*** Block opens ***

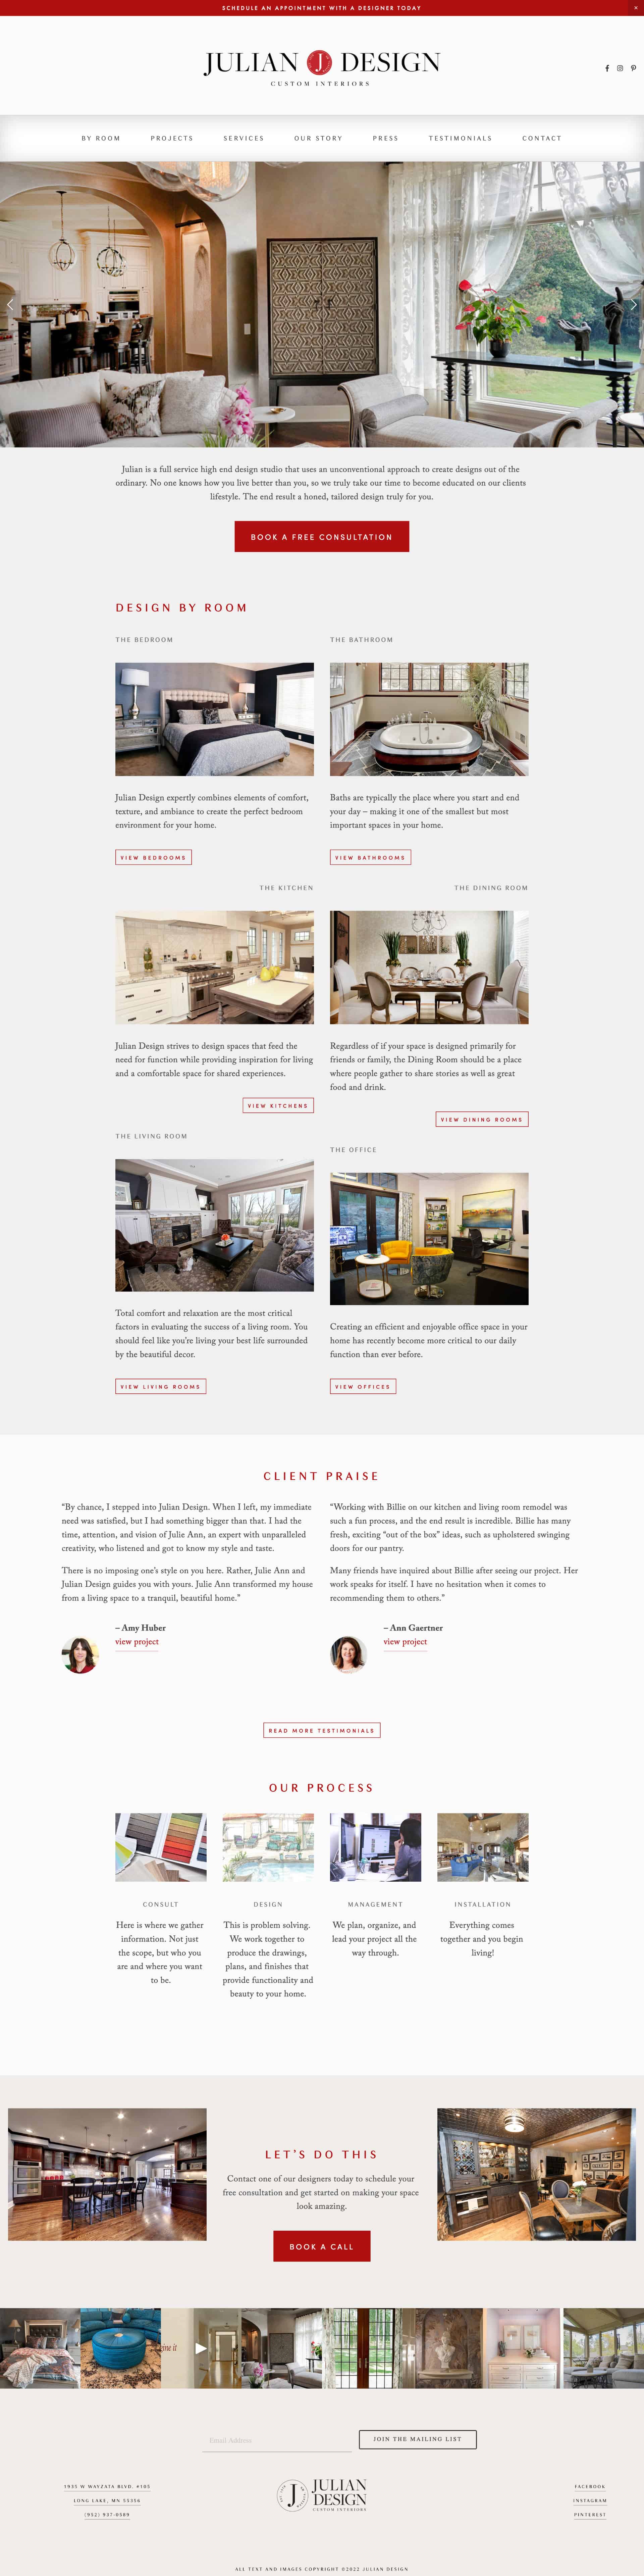 Julian Design Custom Interiors Website Full
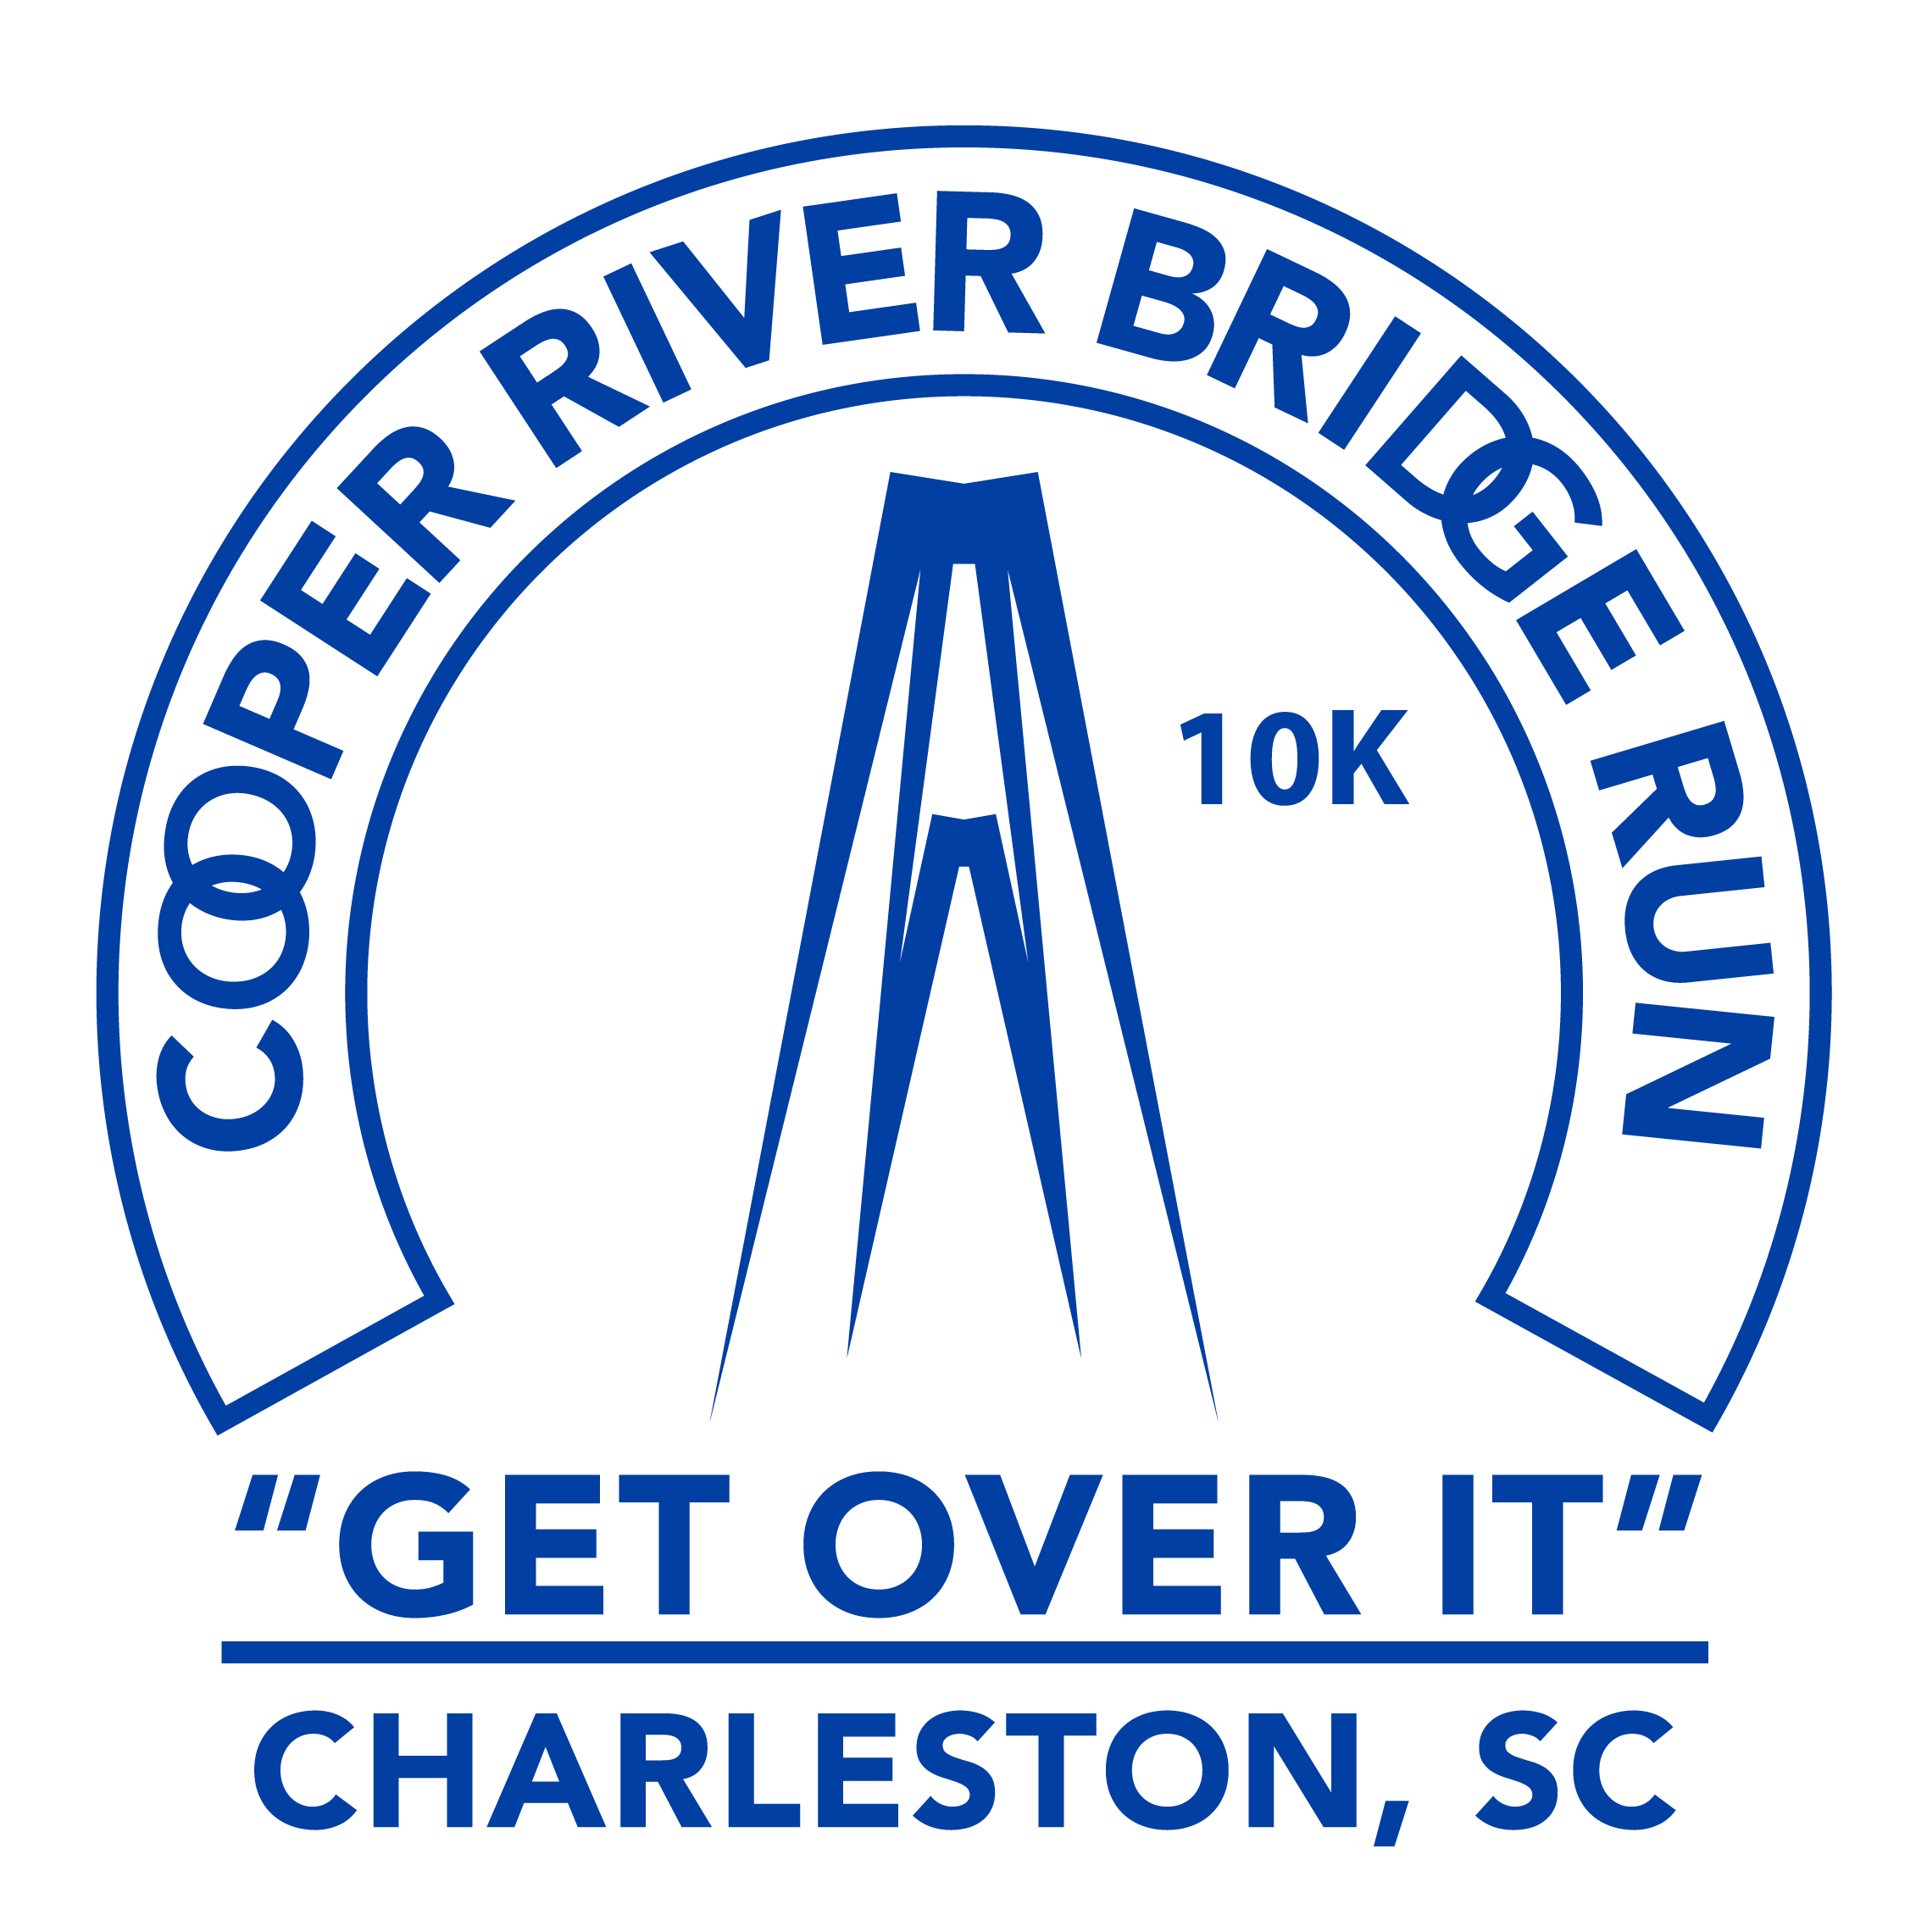 The Cooper River Bridge Run
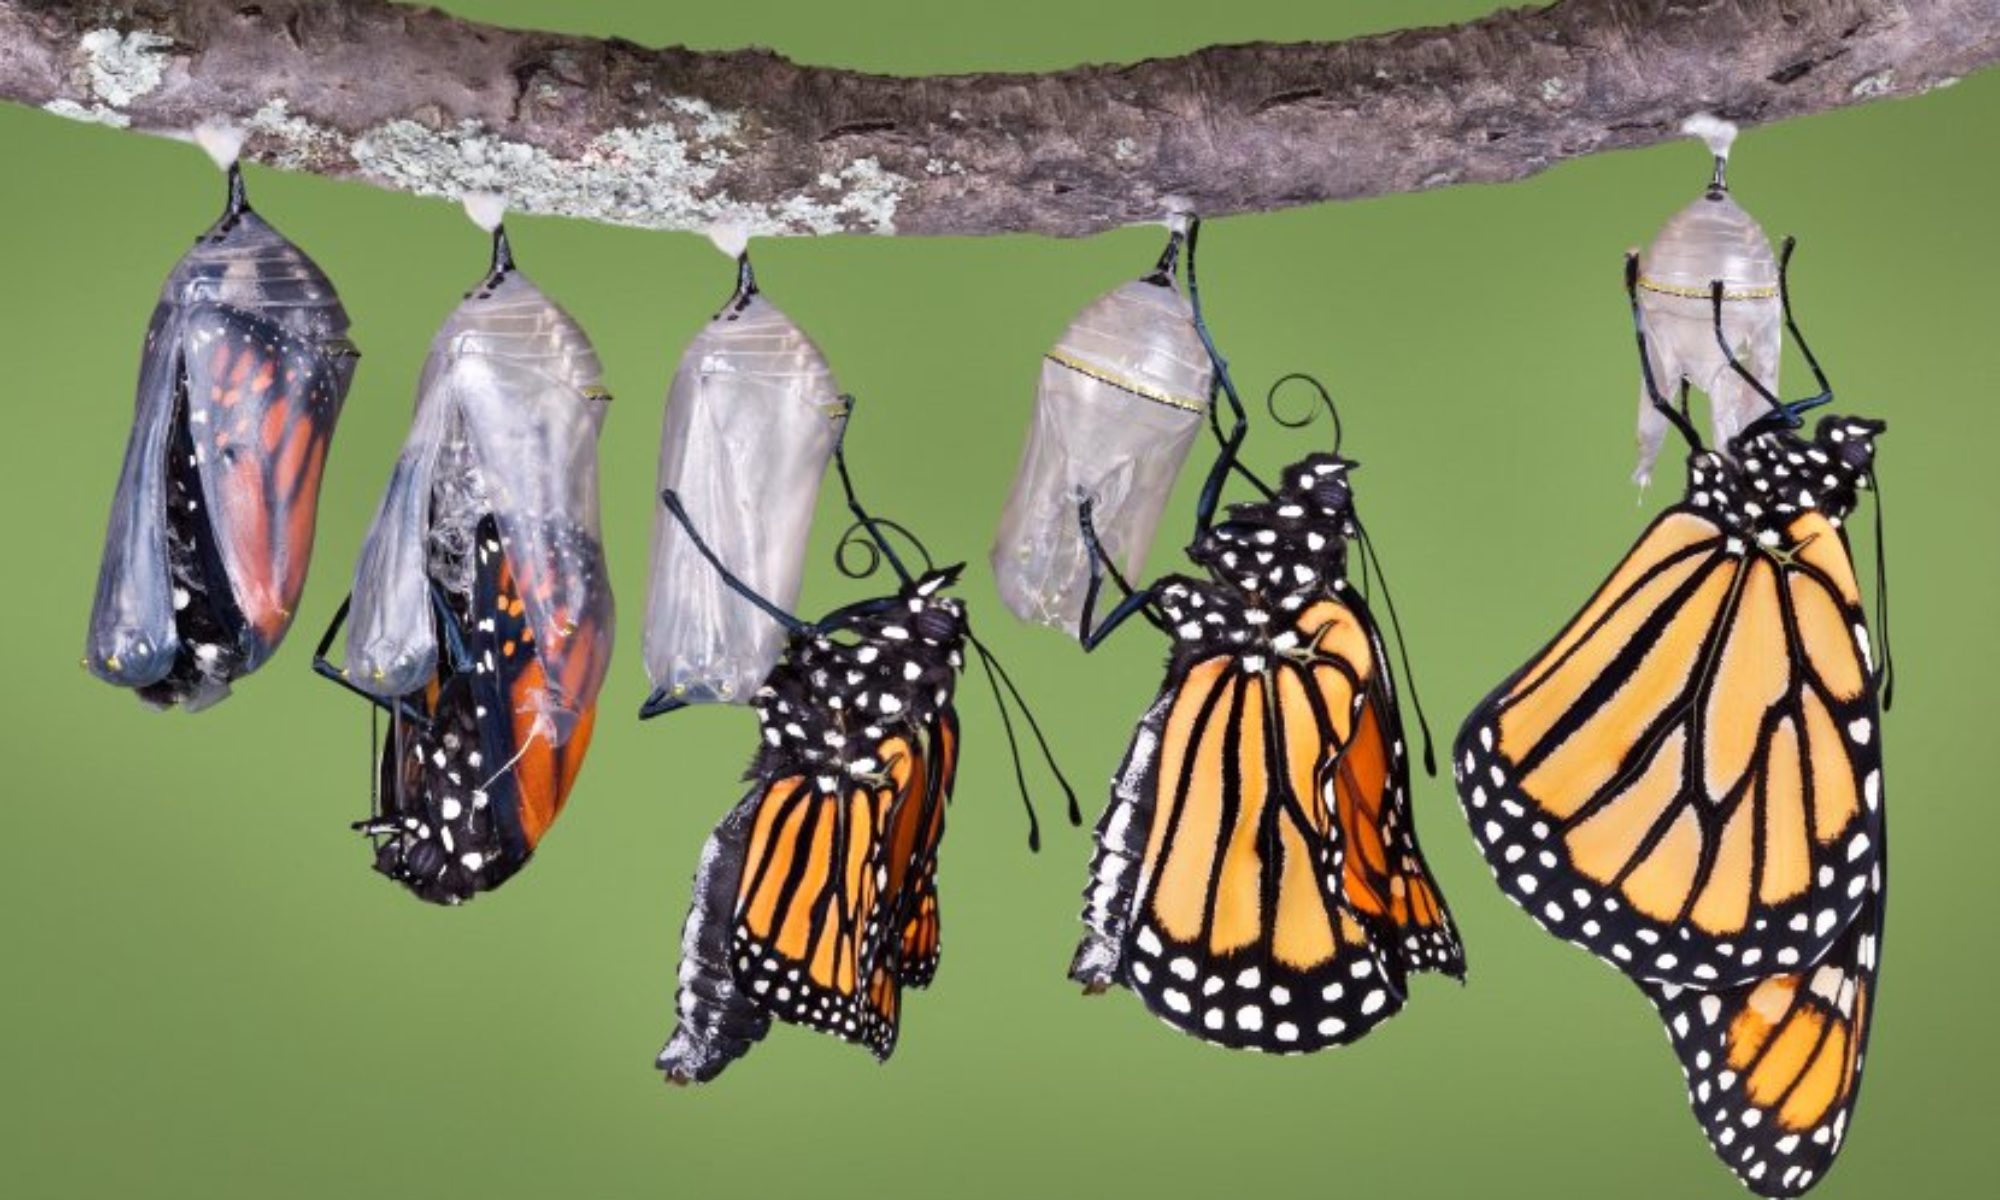 "Статьи" - cropped Monarchs

*** Block closes ***

__Aim of the task__: Could you give back the full listing word for word, leaving out the images?

__Your solution__:
 Julian Design Custom Interiors Website Full
 The Cooper River Bridge Run
 "Статьи" - cropped Monarchs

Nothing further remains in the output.